The Axis That Made the Chips

The Netherlands built its first computer in Amsterdam in 1952, moved the thinking to Eindhoven, and produced ASML. That line is history. It is also a blueprint.

The Axis That Made the Chips
High Tech Campus, Eindhoven

In the summer of 1952, the first Dutch computer was switched on at the Mathematisch Centrum in Amsterdam. It filled an entire classroom. It was built from 1,200 relay switches and could store about 30 bits of information. At its launch it worked once, briefly, and was then taken out of commission. It was called the ARRA, short for Automatische Relais Rekenmachine Amsterdam. Its builders, Carel Scholten and Bram Loopstra, immediately started over.

The ARRA II worked. And that same year, the Mathematisch Centrum hired a young programmer named Edsger Dijkstra.

Edsger Dijkstra (left), Bram Loopstra and Ria Debets at the Mathematisch Centrum in Amsterdam (1954).

Amsterdam

Dijkstra spent the first decade of his career at the Mathematisch Centrum. In 1956, sitting in a cafe in Amsterdam without pen or paper, he worked out a solution to the shortest path problem in about twenty minutes. He published it three years later. It is now used in every navigation system on the planet.

In 1960, together with Jaap Zonneveld, he completed the first working compiler for ALGOL 60, beating every other team in the world by more than a year. The Mathematisch Centrum was also, that same year, the institution from which Electrologica was spun off: the first Dutch computer manufacturer, building the X1 and later the X8 in Rijswijk.

The thinking and the making were already connected, even before Dijkstra moved south.

Eindhoven

In 1962 he joined the Mathematics Department at the Technische Hogeschool Eindhoven. There he built an operating system for the Electrologica X8. The system was called THE, simply the initials of the university. He never chose the name deliberately.

THE was built by six people, working half-time. Its architecture was organised into six strict hierarchical layers, each able to use only the functionality of the layers beneath it. Processes were coordinated using semaphores, a synchronisation primitive Dijkstra had also invented. The paper appeared in Communications of the ACM in 1968, won the ACM Programming Systems and Languages Award in 1971, and is still read in computer science courses today. The following year, Dijkstra received the Turing Award, computing's highest honour, for his contributions to structured programming.

What THE demonstrated was that structure is not a constraint on ambition. It is what makes ambition hold. That logic has not aged: the systems that compound are the ones built with intention from the start.

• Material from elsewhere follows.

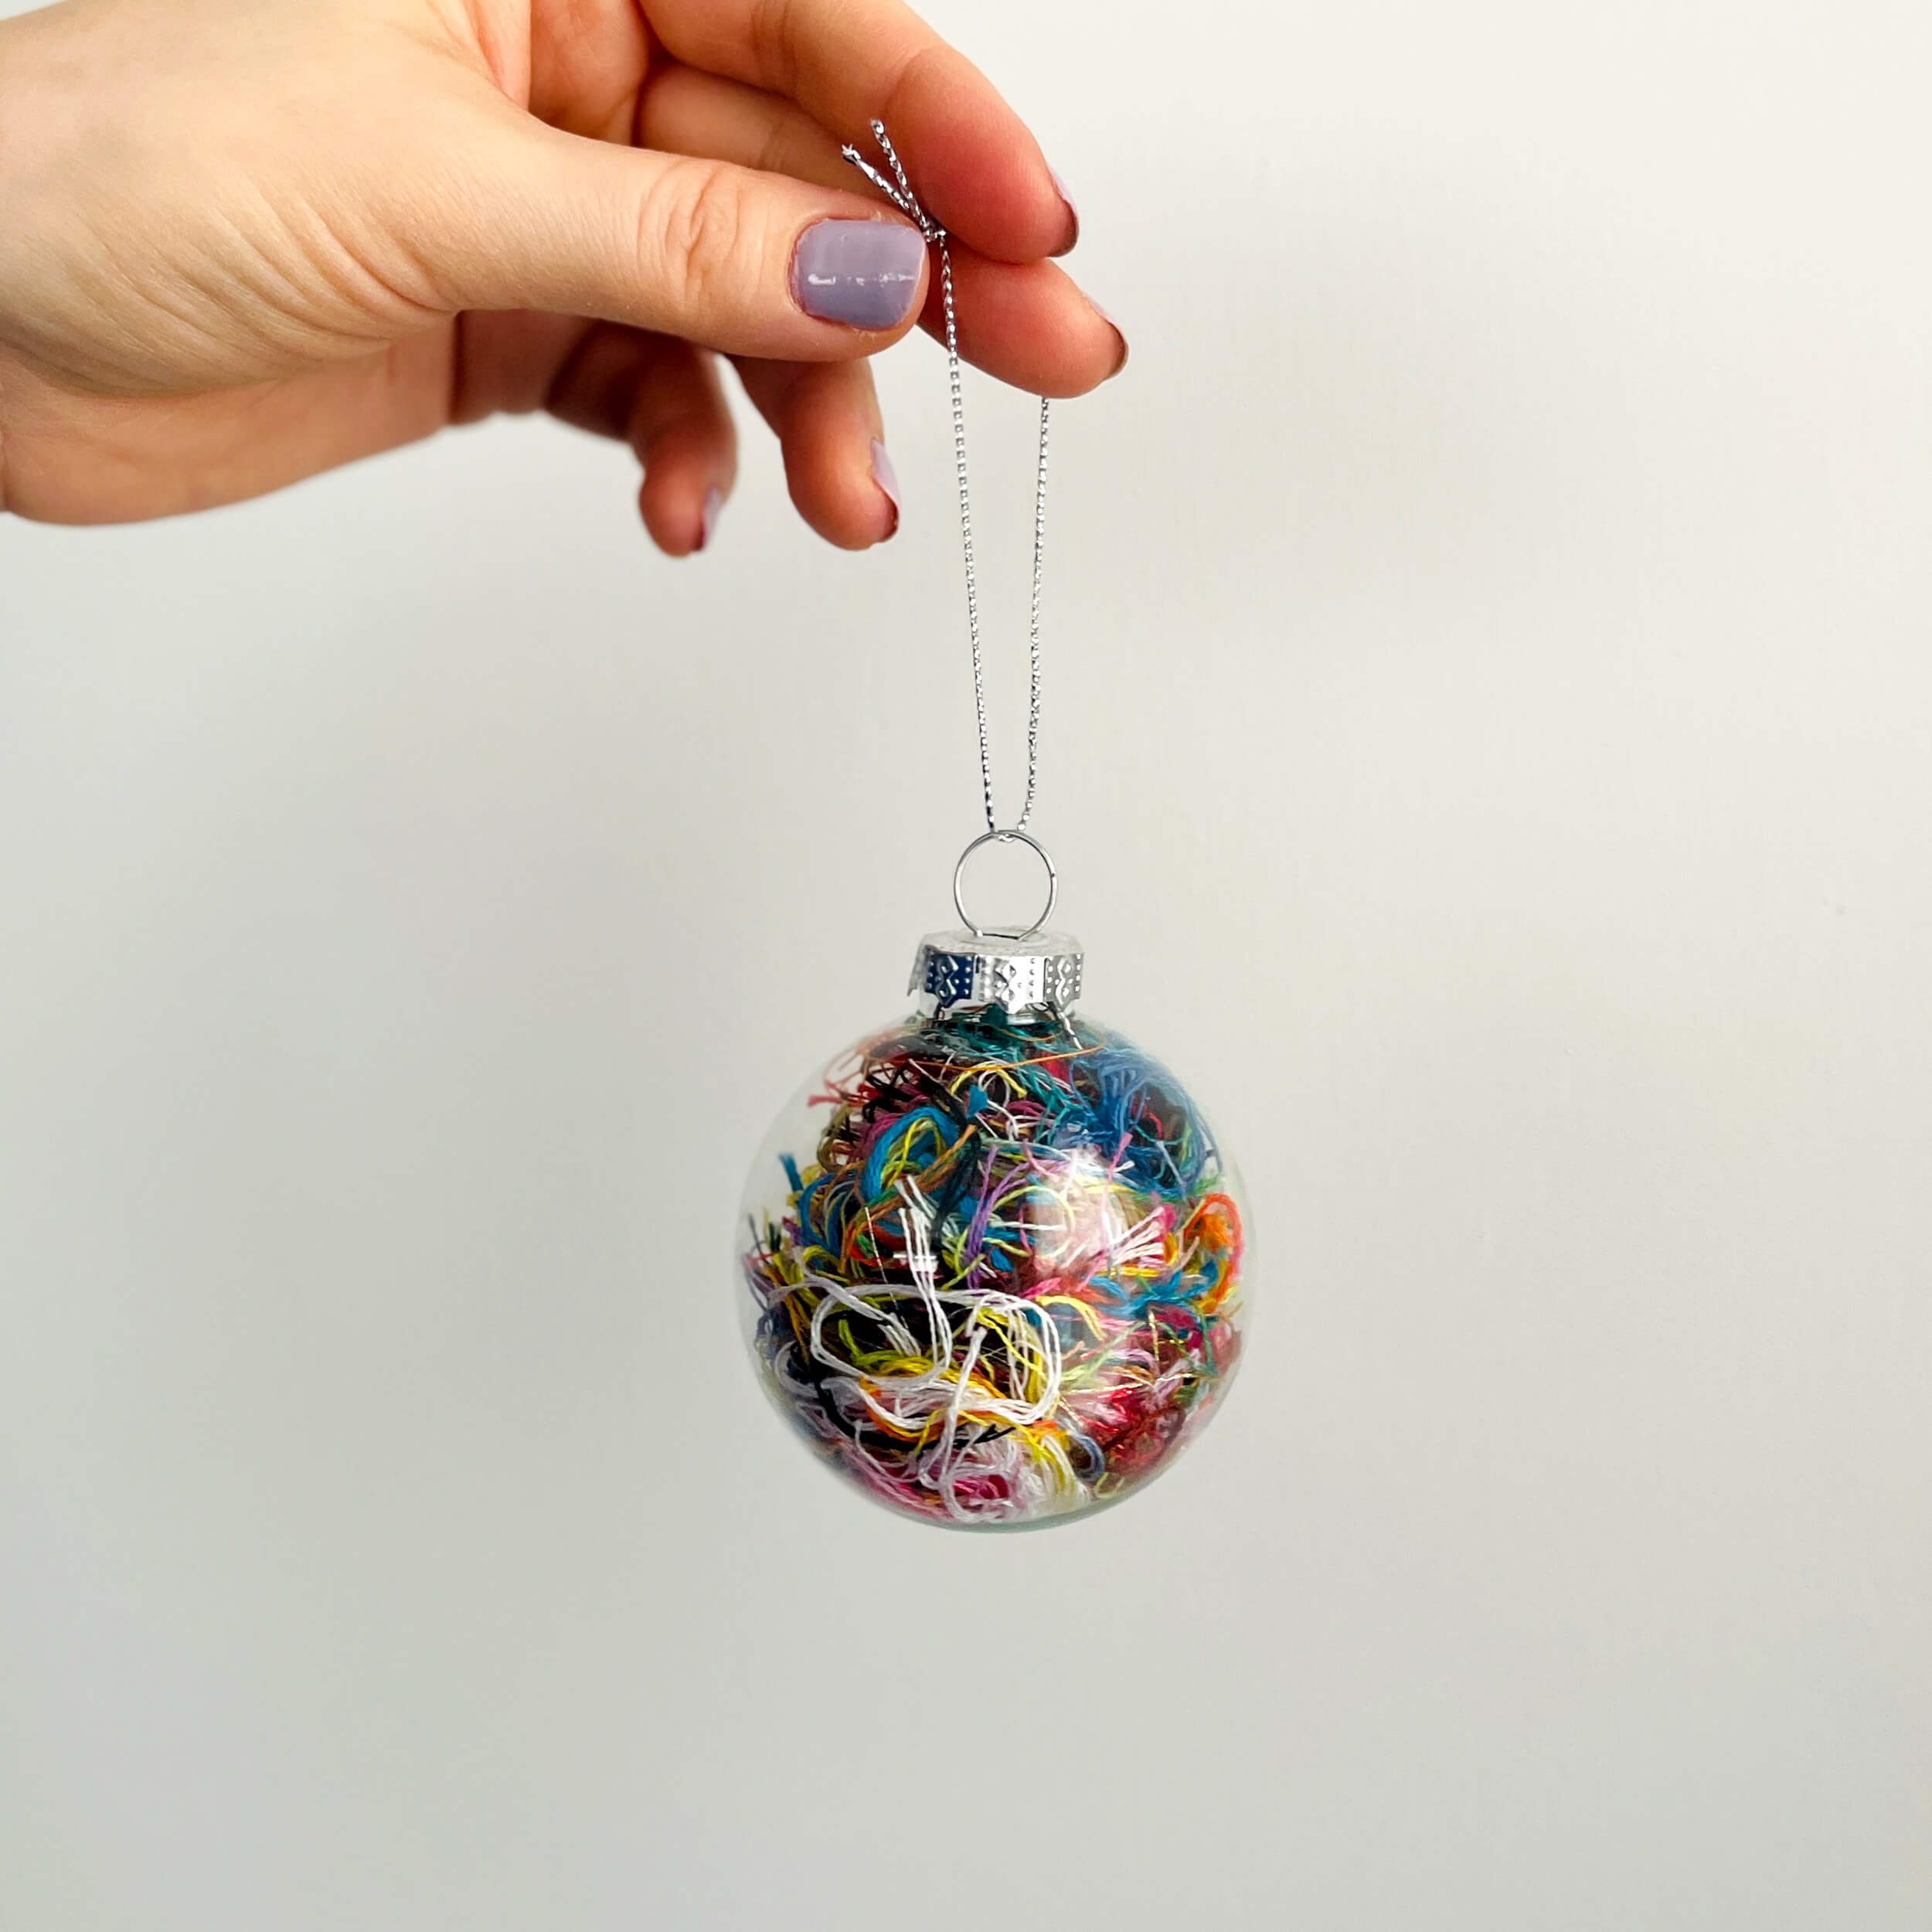 Hand holding a clear christmas ornament filled with scrap embroidery floss in all colors

From Rijswijk to Veldhoven

The people who built the ARRA and the X8 did not disappear when those machines did. Loopstra moved to Electrologica and later to Philips. Scholten did the same. The knowledge migrated into the industrial infrastructure of the Eindhoven region. Philips was already there.

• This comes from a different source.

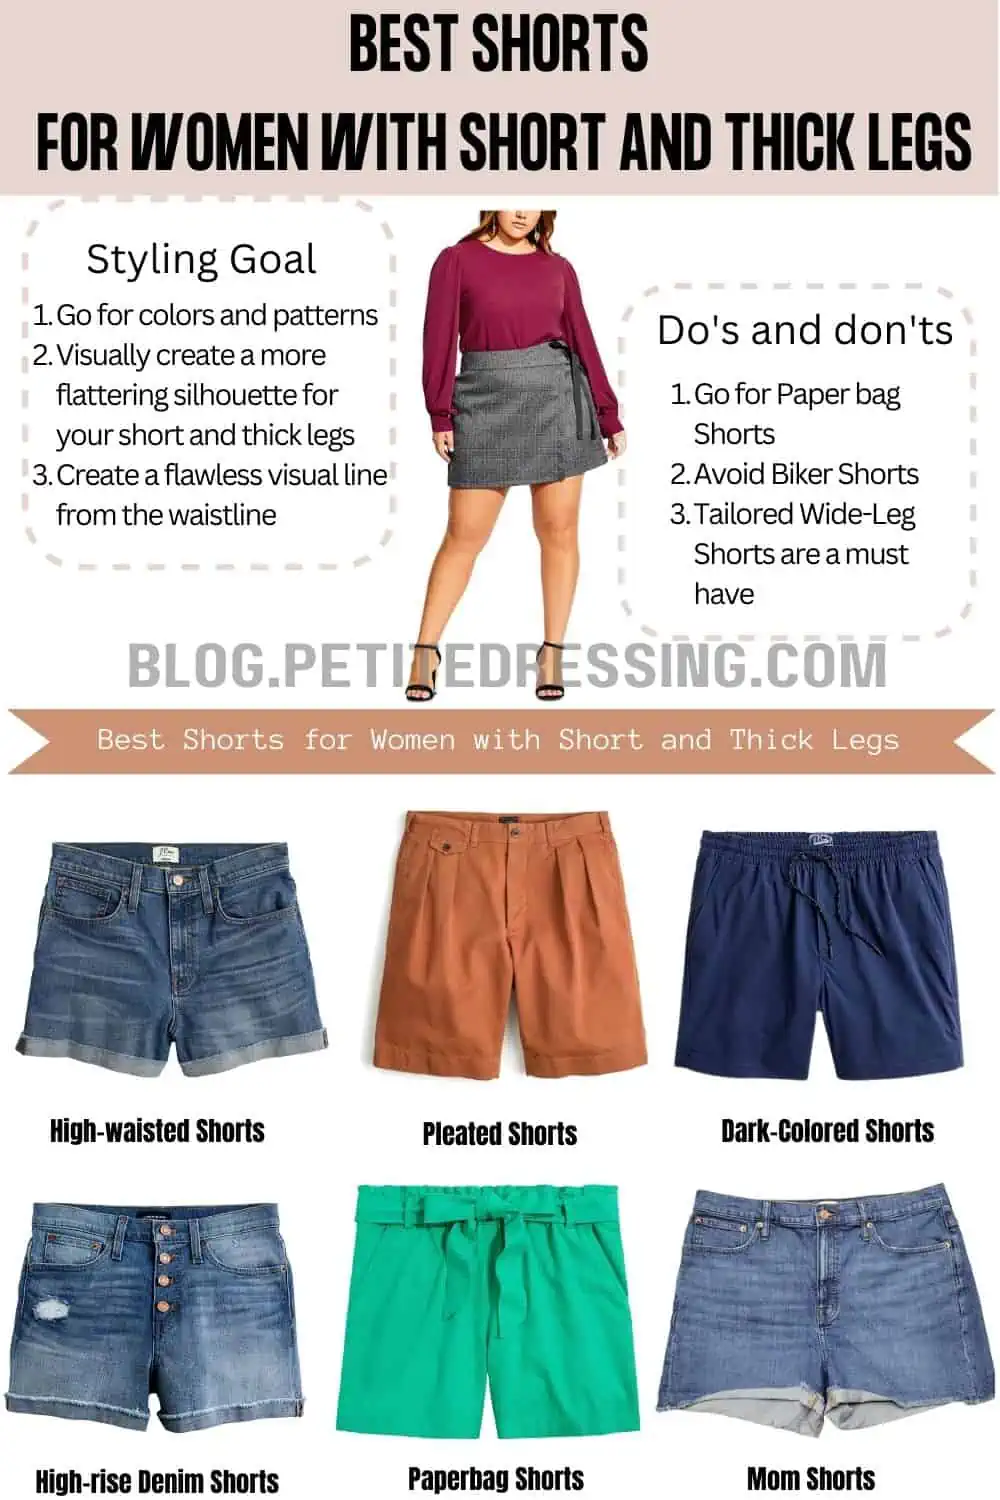 Shorts Style Guide for Women with Short and Thick Legs - Petite

From Philips, in 1984, came ASML, starting in a leaky shed, building lithography machines. ASML now makes the only equipment capable of producing the world's most advanced chips. Every leading chipmaker depends on it.

That continuity is not coincidental. It is what happens when theoretical rigour and a culture of making occupy the same small country for long enough.

Why this is not just history

Amsterdam and Eindhoven are in conversation again about working more closely on technology. The framing is AI, talent, and infrastructure. That framing is right. But the historical depth is worth holding on to, because it clarifies what the axis actually produces.

The Netherlands has theoretical institutions of real quality. It has the most critical piece of hardware infrastructure in the global semiconductor industry. It has a tradition, visible from the ARRA to THE to ASML, of building things that matter from first principles, with limited resources, and getting them right.

Europe is searching for this combination. The question of whether good ideas have somewhere to live, somewhere to scale, is unresolved. The Dutch answer to that question is already seventy years old. It is worth reading carefully.